------ Information shown ------

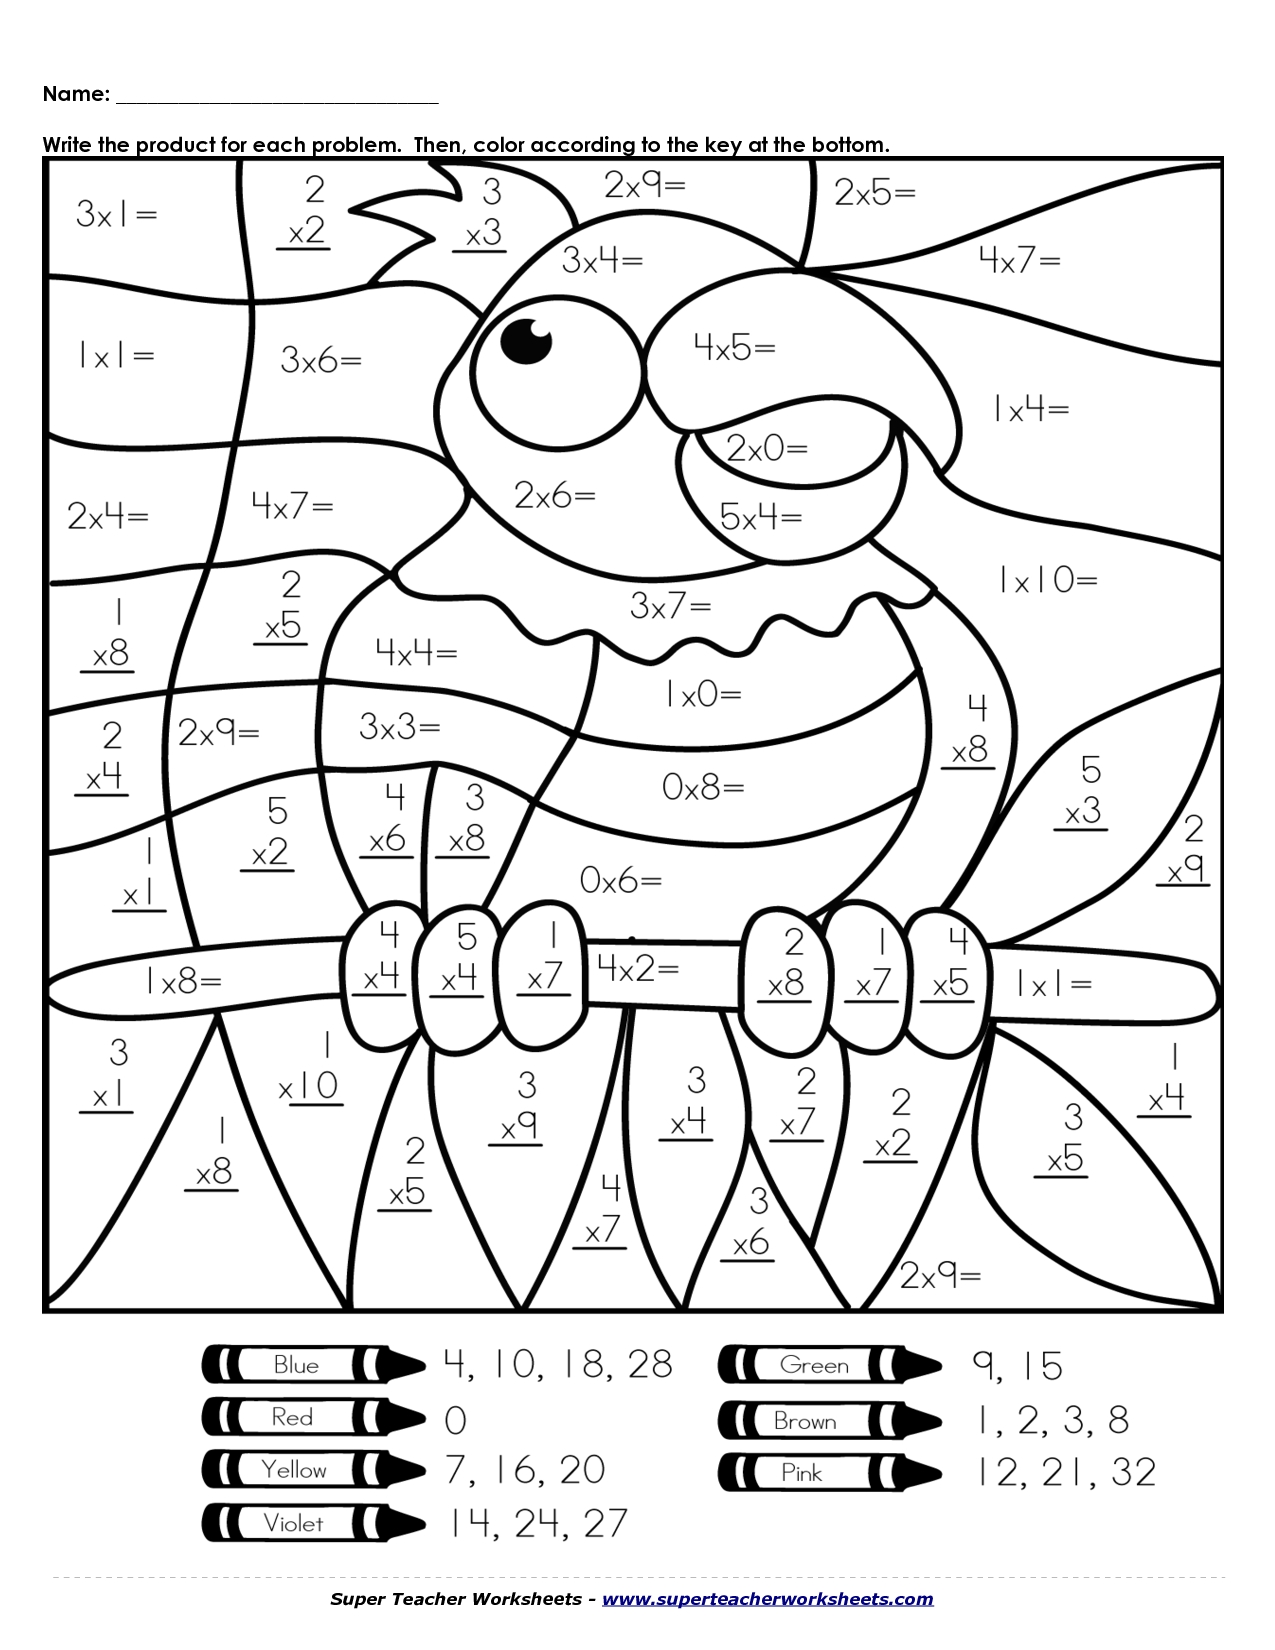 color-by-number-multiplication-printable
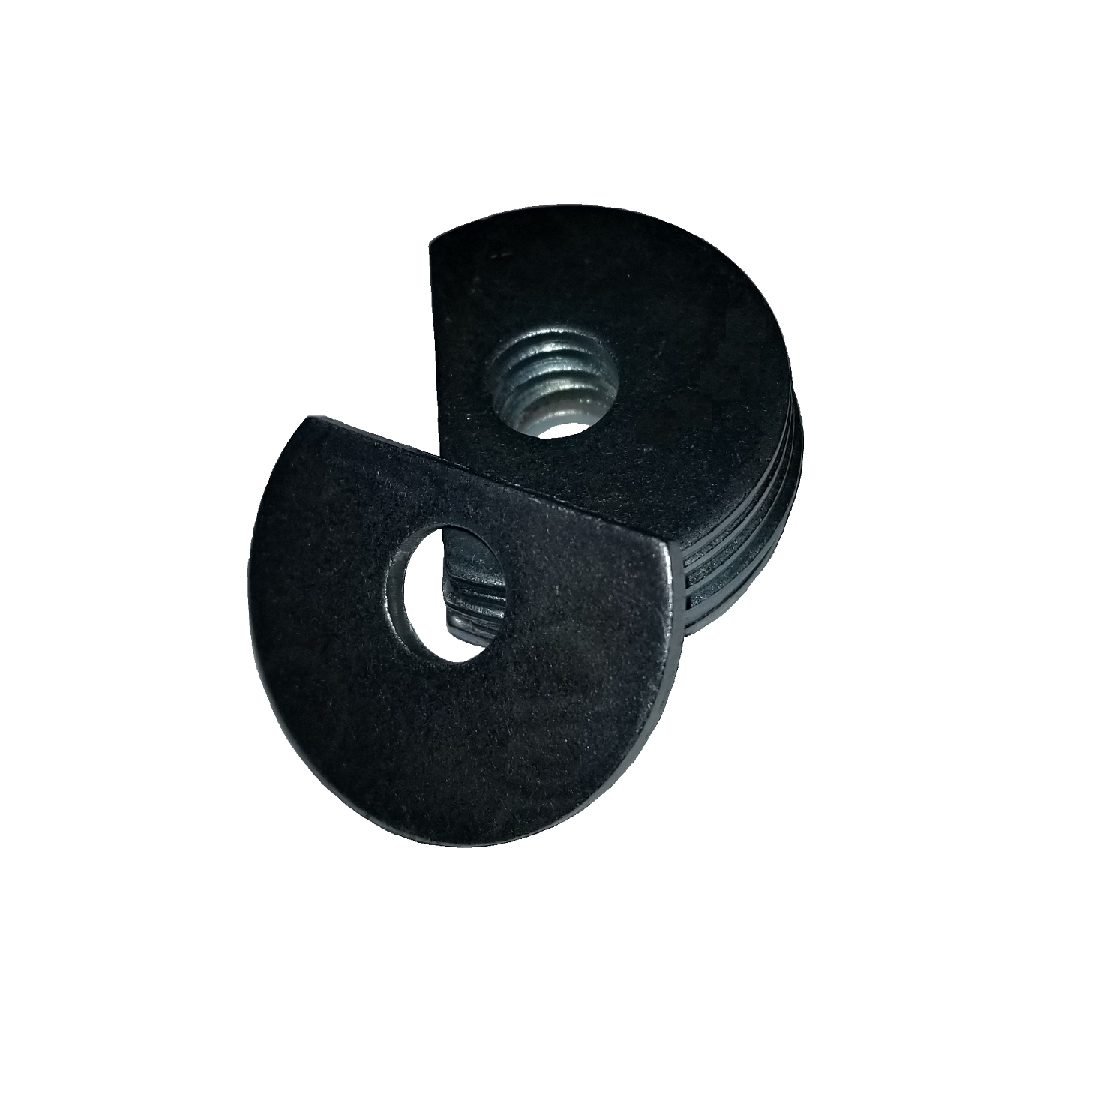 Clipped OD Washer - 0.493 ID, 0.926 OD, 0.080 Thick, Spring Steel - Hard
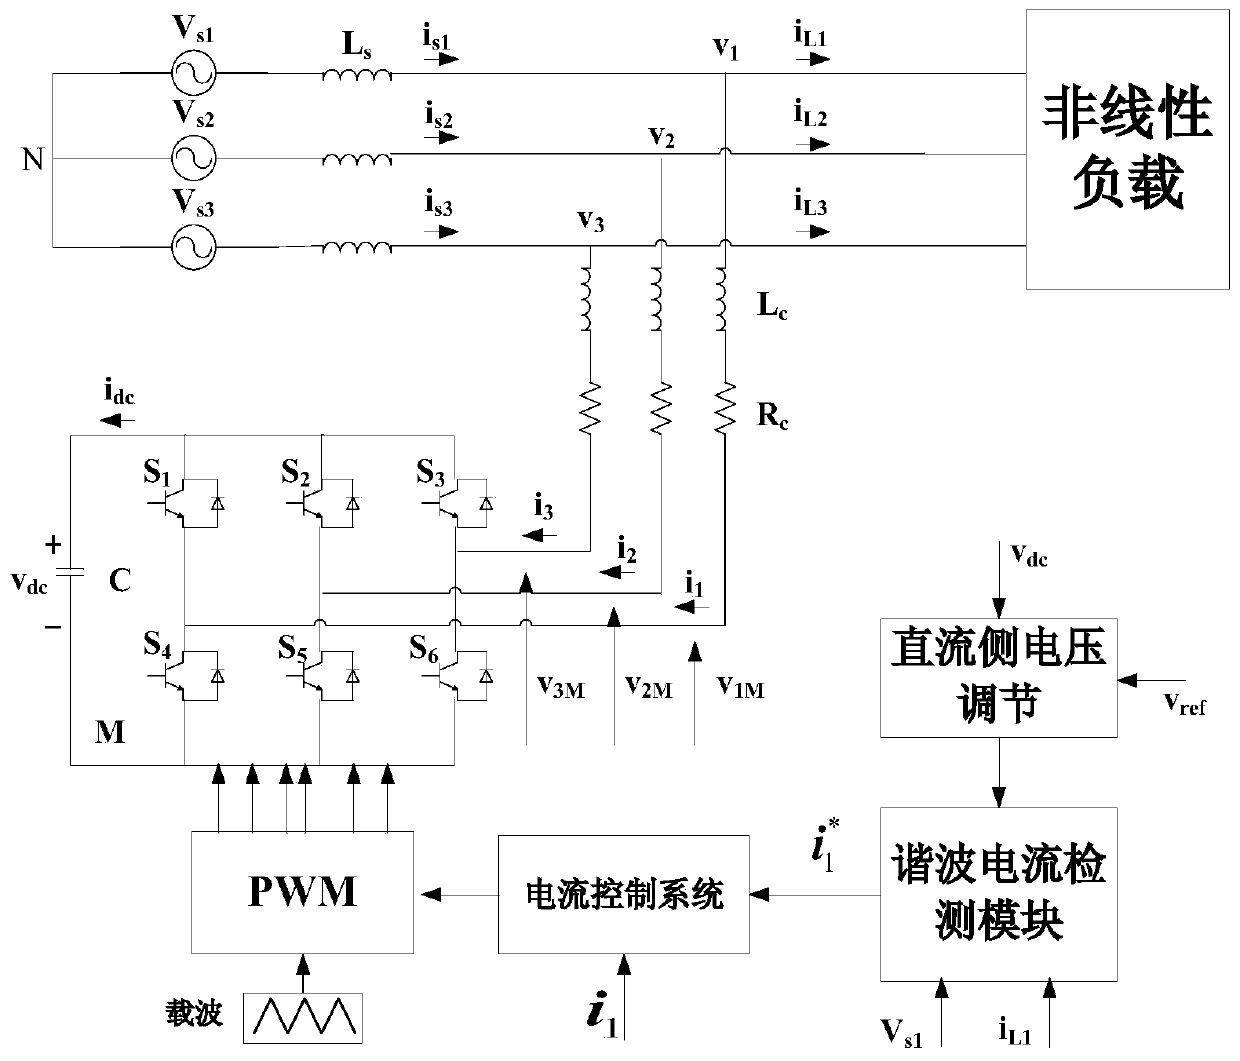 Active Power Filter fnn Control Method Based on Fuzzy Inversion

------

Exercise: The answer should consist only of the lines from the one with "Clipped OD Washer" through the last line of the material above, copied exactly, with no pictures.

Answer to this task:
 Clipped OD Washer - 0.493 ID, 0.926 OD, 0.080 Thick, Spring Steel - Hard
 Active Power Filter fnn Control Method Based on Fuzzy Inversion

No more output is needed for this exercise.